By 1926 Post was teaching oboe and cor anglais at the conservatorium; later, he also offered tuition in piano. He graduated in 1927 with diplomas in performance and teaching (pianoforte). Despite such auspicious beginnings, he did not see his vocation as a teacher nor as an orchestral musician, but chose to build a career as a conductor. The elder Post gave his son extensive informal training in the conductor's art. In 1932 Post seized an opportunity to organize a 350-voice choir for the Imperial Opera Company (a touring Italian troupe) to perform in the Williamson Imperial Grand Opera Season. When the regular conductor became indisposed, Post conducted a performance of Verdi’s Aida at only a few hours' notice, which led to regular conducting appearances with the company.

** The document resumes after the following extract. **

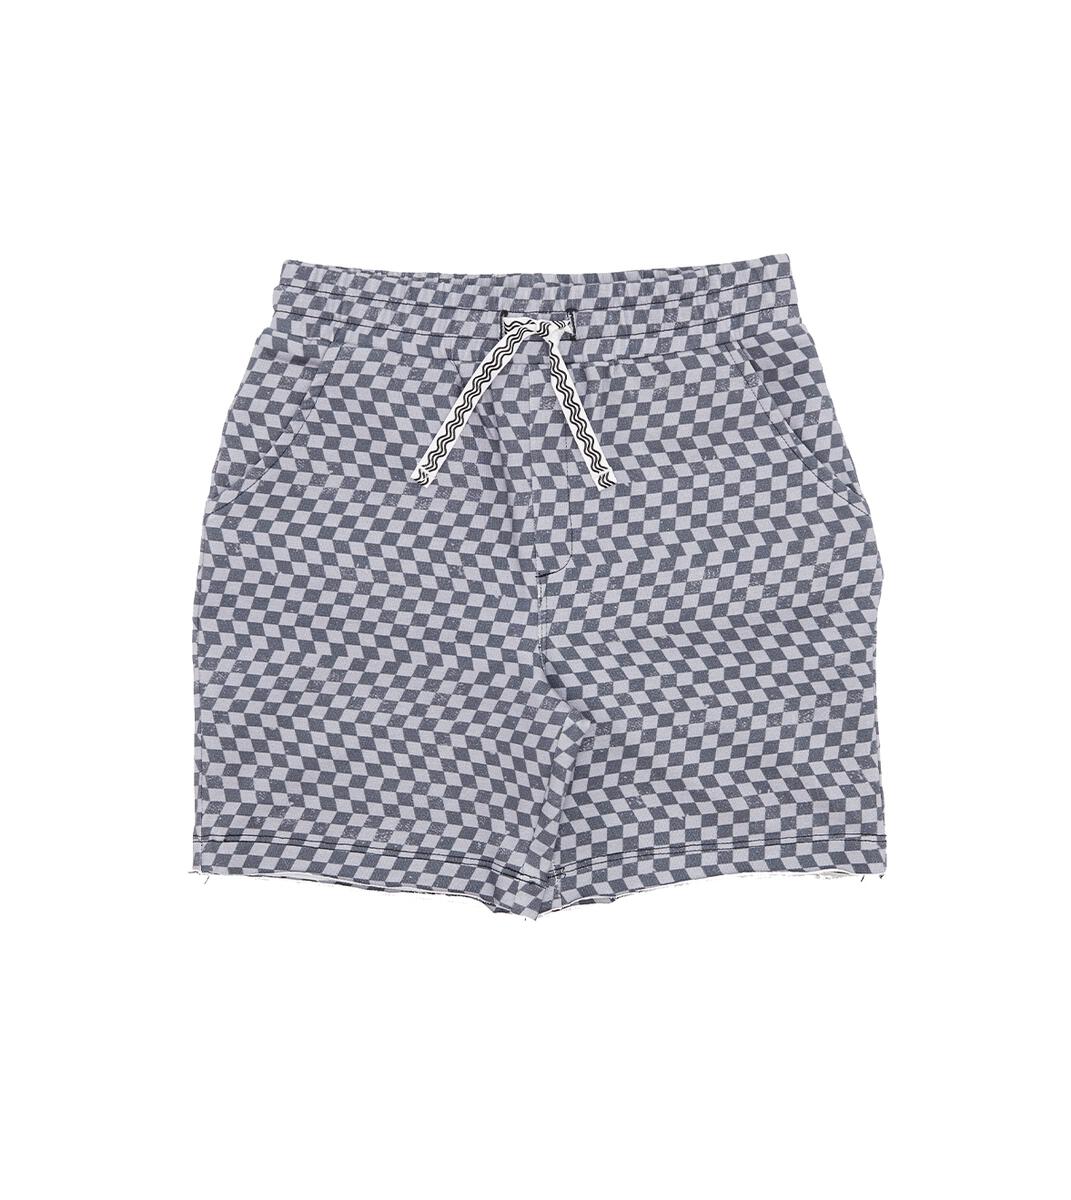 Feather 4 Arrow - Low Tide Black & White Check Shorts

The establishment of the Australian Broadcasting Commission in 1932 introduced a powerful new force to the Australian music scene. Post recognized the potential of radio and accepted an offer from the ABC to form a wireless chorus in Sydney. He severed his connection with the conservatorium, did some conducting with Sir Benjamin Fuller's Royal Grand Opera Company and visited Europe in 1935. Returning to Australia, he moved to Melbourne. From 1936 to 1947 he worked for the ABC as a conductor of the Victorian Symphony Orchestra and the city's ABC wireless chorus. Whilst driving through Bairnsdale on a roadtrip from Melbourne to Sydney in 1937, Post was involved in a car crash and sustained slight injuries.

Post served in World War II as a lieutenant, acting major, and commandant of the transshipment centre at Terowie, South Australia, an important staging point on the overland supply route to Darwin. He relinquished command in February 1945 and was placed on the Reserve List of Officers in March.

After the war, Post continued as one of the ABC's main conductors. From 1947 to 1957 he was Associate Conductor with the Sydney Symphony Orchestra, during Sir Eugene Goossens's tenure as Chief Conductor. Post made many guest appearances with ABC orchestras across Australia. He conducted the first performance of the Tasmanian Symphony Orchestra on 25 May 1948; the soloist was the pianist Eileen Joyce.

In 1950 he went to Britain on exchange with Charles Groves, conductor of the British Broadcasting Corporation's Northern Orchestra (now the BBC Philharmonic). At his debut at the Royal Albert Hall, Post became the first Australian to conduct at a Promenade Concert; he included a piece by the Australian composer Clive Douglas. He also conducted the Hallé Orchestra and other British orchestras.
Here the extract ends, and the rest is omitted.